Here two pieces by the then very young Maderna :










It very evident the heavy Bartok's influence over the young Maderna (more in 2 pianos and instruments). Still his unique voice is already there...Maderna had a huge influence over all italian (but not only italian) young composers of the second half of the 20th century. He was very active in Darmstadt immediately after the 2nd world war.


----------



## proclo

and here his Requiem ; composed wen he was only 26 years old :





The premiere was in 2009 in Venice. The score was "lost" and was rediscovered only few years back. This composition was never heard by Maderna.


----------



## science

On the "complete works for orchestra" series from Neos, is any particular one of the volumes more highly recommended? Or are they just undifferentiated greatness?


----------



## Guest

science said:


> On the "complete works for orchestra" series from Neos, is any particular one of the volumes more highly recommended? Or are they just undifferentiated greatness?


They're all pretty great, yeah. If anything, I guess the one with quadrivium would be a safe bet.


----------



## starthrower

I really like Volume one. I'd recommend it, along with Quadrivium on Brilliant Classics, and Works For Flute on the Mode label.

Samples here: http://www.prestoclassical.co.uk/search.php?searchString=bruno+maderna&page=2


----------



## Mandryka

Has anyone explored Maderna as conductor?


----------



## Prodromides

Mandryka said:


> Has anyone explored Maderna as conductor?


Only one disc in my collection features Maderna conducting; it's works by Ligeti on _Wergo_:


----------



## starthrower

Rare film of Maderna in rehearsal. Seems he had a sense of humor.






Interview in English with Maderna.


----------



## GioCar

For those who are planning to be in Milan next autumn.

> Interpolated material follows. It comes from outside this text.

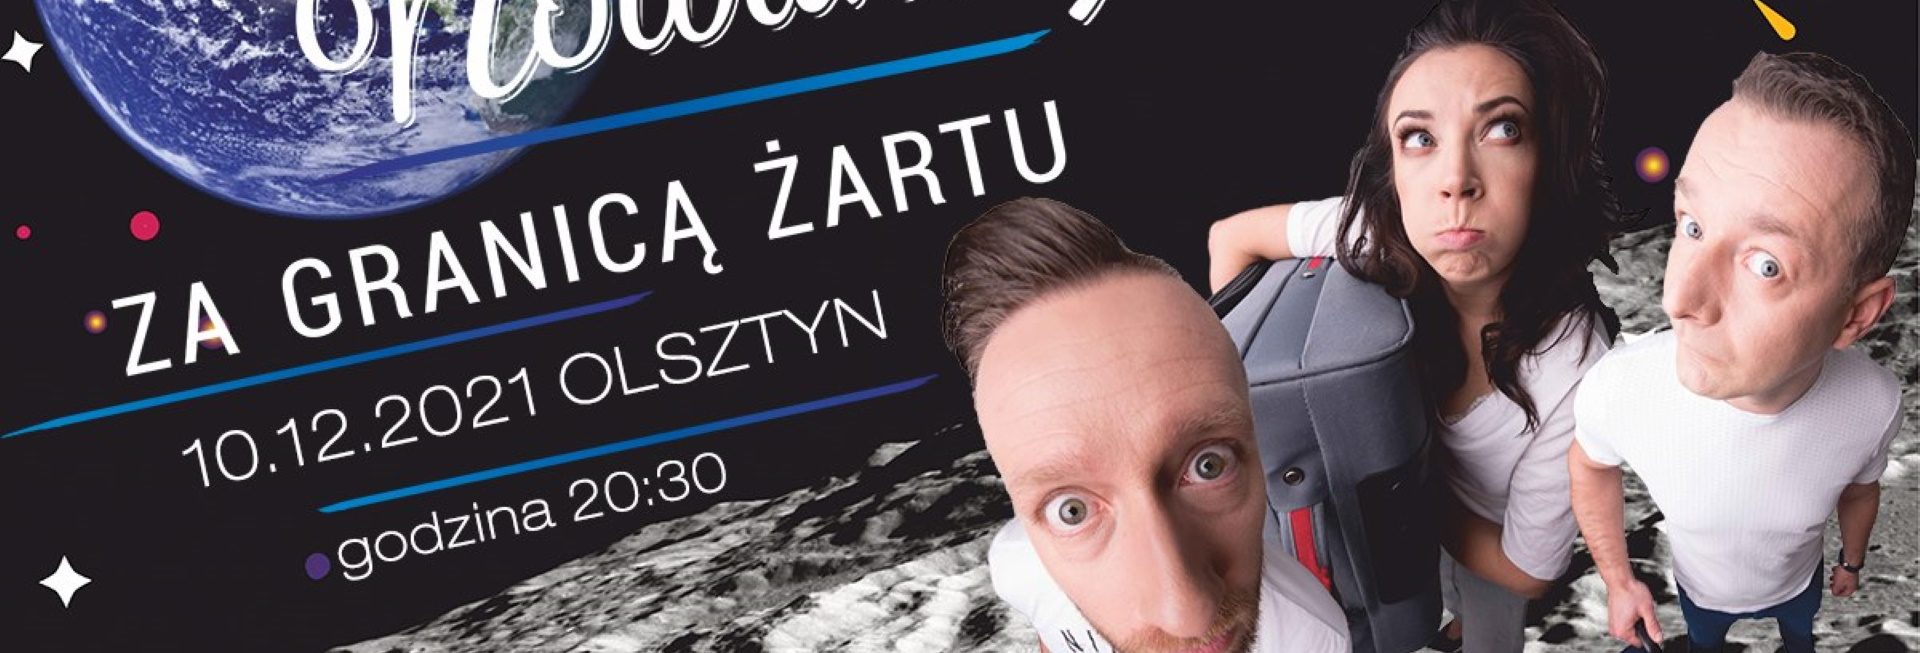 Plakat graficzny zapraszający do Olsztyna na występ kabaretu Nowaki "Za granicą żartu" - Olsztyn 2021.

The annual contemporary music festival (Milano Musica) will be focused on Maderna's works, here's the full program

http://www.milanomusica.org/it/sezione-festival/calendario/concerti-spettacoli.html

Surely I'll go to see some of these concerts...


----------



## Birdsong88

This intrigues me to listen to some more of his works. if only arkivmusic.com streaming service had more of his works available.


----------



## schigolch

My preferred piece from Maderna is the "opera-cycle" _Hyperion_.


----------



## Xenakiboy

Maderna has recently made me go; WOW!


----------



## millionrainbows

There are two wildly different recordings of his opera "Satyricon;" one good, and one not-so good. If anybody's interested, I'll tell you which one to get.


----------



## keqrops

I'm new here, and I hope it's okay to post in old threads.
I've been exploring a lot of modern music the last few months, and now I want to get into more Darmstadt composers. Maderna seems like an interesting composer, but I haven't found any convincing lists of important works, so I thought I could ask here. I know Quadrivium, Musica su due dimensioni, Hyperion and the Oboe Concertos are among the bigger ones. Could anyone recommend me other pieces by him?


----------